NEW YORK--(EON: Enhanced Online News)--Investor bullishness towards European equities has reached pre-crisis highs as markets digest the emerging market sell-off, according to the BofA Merrill Lynch Fund Manager Survey for September.
“Belief in Europe’s economy is robust and though eurozone equities have come back strongly, value remains the best on offer in developed world markets”
Allocations to eurozone equities have reached their highest level since May 2007. A net 36 percent of global asset allocators are overweight the region, more than twice the net 17 percent recorded in August. A net 12 percent of asset allocators are overweight U.K. equities, which represents an all-time high. Allocations to emerging market equities remain low with a net 18 percent of the panel underweight.
Investors have signaled their intent to maintain flows into Europe. A net 27 of investors say that the eurozone is the region they would most like to overweight in the coming 12 months – also the highest reading since May 2007. The switch in sentiment towards Europe has been swift. Only a net 2 percent expressed a desire to overweight the region in July. Greater confidence in Europe’s economy is evident. Half of the panel believes that stronger EU growth is the most likely solution to the region’s debt crisis – versus only 19 percent who believe that ECB-led stimulus is the key solution. In July, only 30 percent believed Europe could grow its economy out of crisis.
While optimism is returning to Europe, cash levels have risen to an average of 4.6 percent of portfolios. The proportion of asset allocators overweight cash has risen. Eight out of 10 investors believe the global economy will continue to grow at below trend rate in the coming 12 months.
“Investor cash levels remain high because the fear of bond markets is greater than the appetite in equity markets,” said Michael Hartnett, chief investment strategist at BofA Merrill Lynch Global Research. “Belief in Europe’s economy is robust and though eurozone equities have come back strongly, value remains the best on offer in developed world markets,” said John Bilton, European investment strategist.
Surge in China optimism hints at brighter outlook for emerging markets
A spike in optimism towards China’s economy is one sign that emerging markets could be set to recover in the months ahead. A net 28 percent of respondents from Japan, Asia Pacific Rim and global emerging markets believe China’s economy will strengthen in the year ahead. That’s in sharp contrast with the net 32 percent forecasting a weakening economy just one month ago – a monthly swing of 60 percentage points.
Negative sentiment towards global emerging markets has stabilized. The number of investors saying that emerging markets is the region they most want to underweight has fallen to a net 21 percent in September from a net 29 percent a month ago.
Investors are indicating that they see the best value in emerging markets in almost a decade.
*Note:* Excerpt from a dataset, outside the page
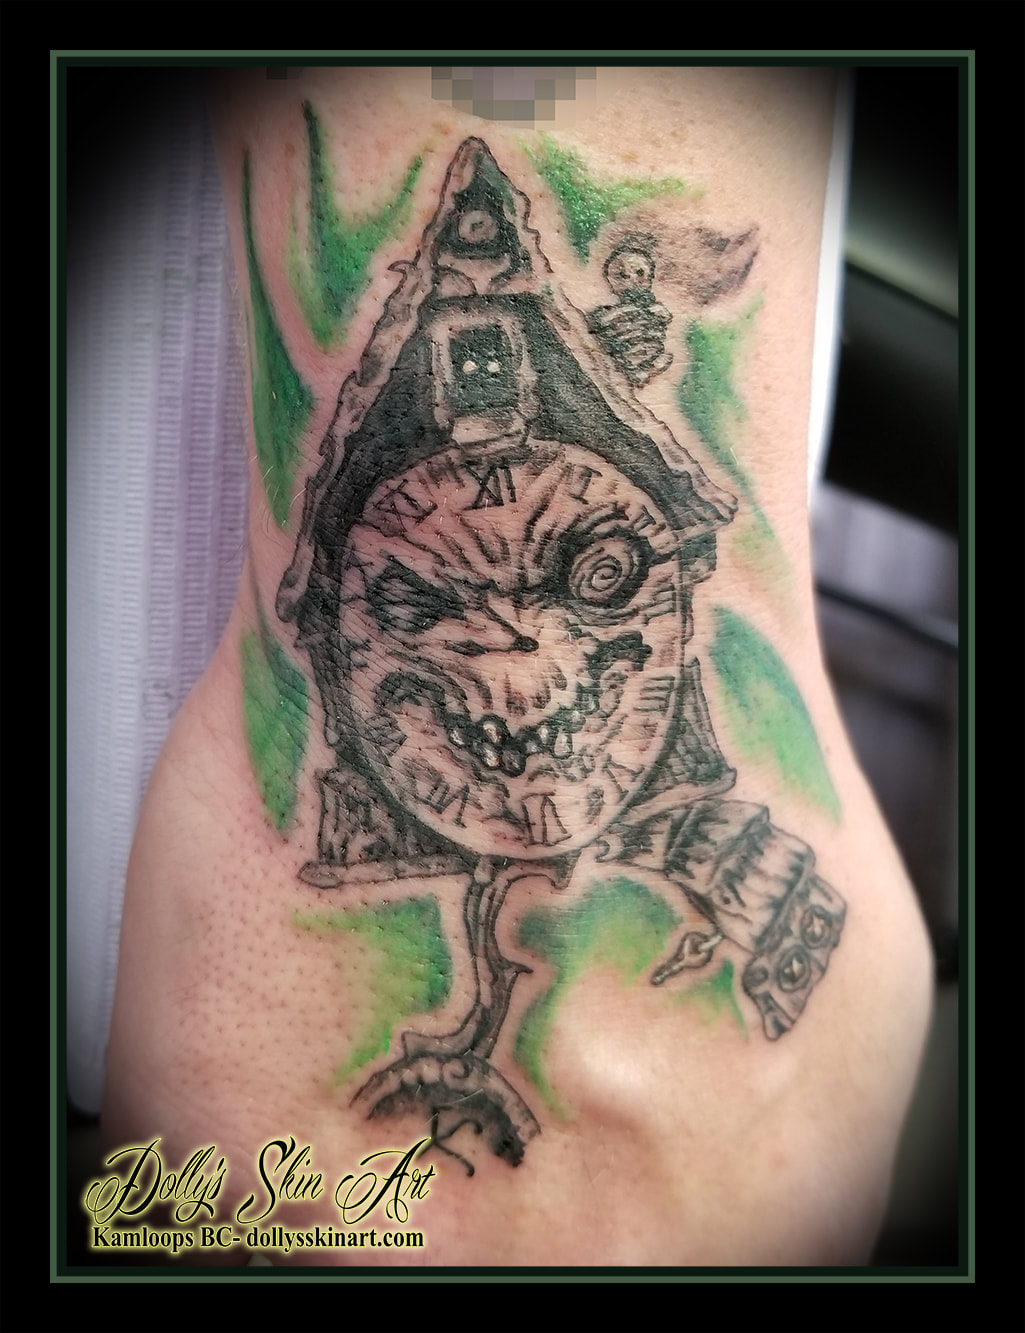 black and grey chaotic clock face green white hand wrist tattoo kamloops tattoo dolly's skin art

A net 36 percent of the panel says that global emerging market equities are the most undervalued – or cheapest – of all the regions. This is the strongest undervalued reading since January 2004. Asset allocators, meanwhile, have been steadily decreasing the underweight positions in commodities since June. A net 16 percent of the panel is underweight this month versus a net 26 percent in July.
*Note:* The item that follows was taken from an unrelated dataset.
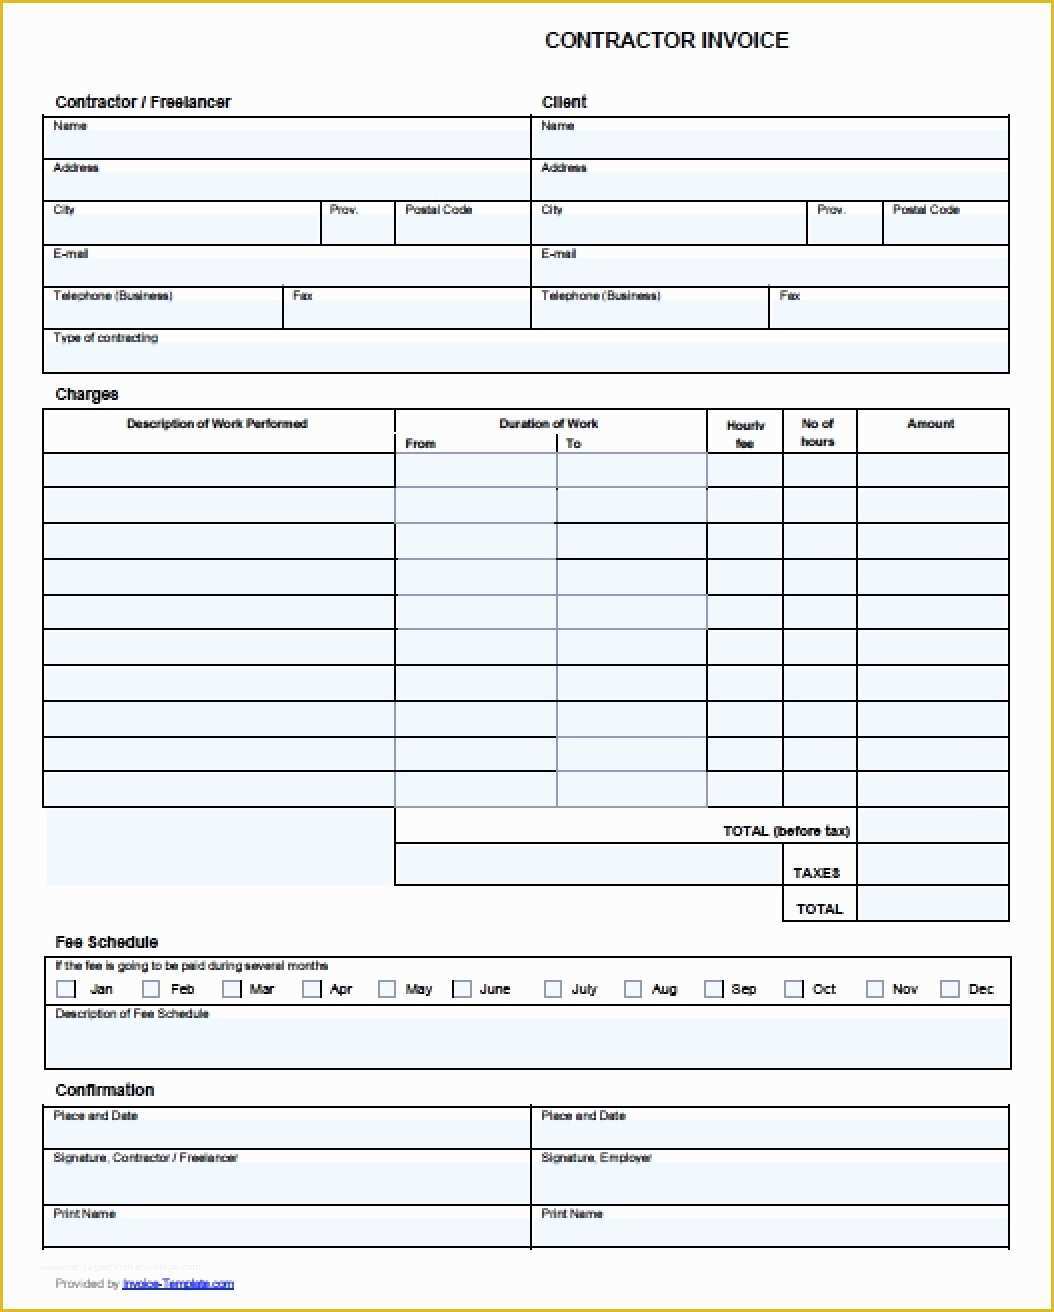 Independent Contractor Invoice Template Free Of Independent Contractor Invoice Template Excel 50 New Free

Demand for capital investment at highest since 2005
Respondents to the Fund Manager Survey are sending a powerful message to companies that they should prioritize capital expenditure (capex) over other uses of cash. More than half of the panel – 54 percent – says that increasing capital spending should be the top use of cash flow, up from 45 percent in July and the highest reading since December 2005.
In contrast, only 11 percent believes that improving balance sheets should be a priority. A growing number of respondents would like to see companies borrow more. A net 42 percent says companies are under leveraged, compared with a net 35 percent two months ago. Significantly, the survey shows less demand for companies to return cash to shareholders. The proportion of the panel asking companies to prioritize buy backs and dividends has fallen from 37 percent in July to 28 percent in September.
Great rotation from bonds in evidence
September’s Fund Manager Survey shows how the great rotation from bonds to equities has progressed. The gulf between allocations towards equities and bonds is at its widest since February 2011, and the second-widest in the history of the survey. A net 68 percent of asset allocators are underweight bonds, the greatest underweight position recorded since April 2006 – to give a bond to equity allocation spread of 128 net percentage points.
Survey of Fund Managers
An overall total of 236 panelists with US$689 billion of assets under management participated in the survey from 6 September to 12 September 2013. A total of 172 managers, managing US$518 billion, participated in the global survey. A total of 123 managers, managing US$272 billion, participated in the regional surveys. The survey was conducted by BofA Merrill Lynch Research with the help of market research company TNS. Through its international network in more than 50 countries, TNS provides market information services in over 80 countries to national and multi-national organizations. It is ranked as the fourth-largest market information group in the world.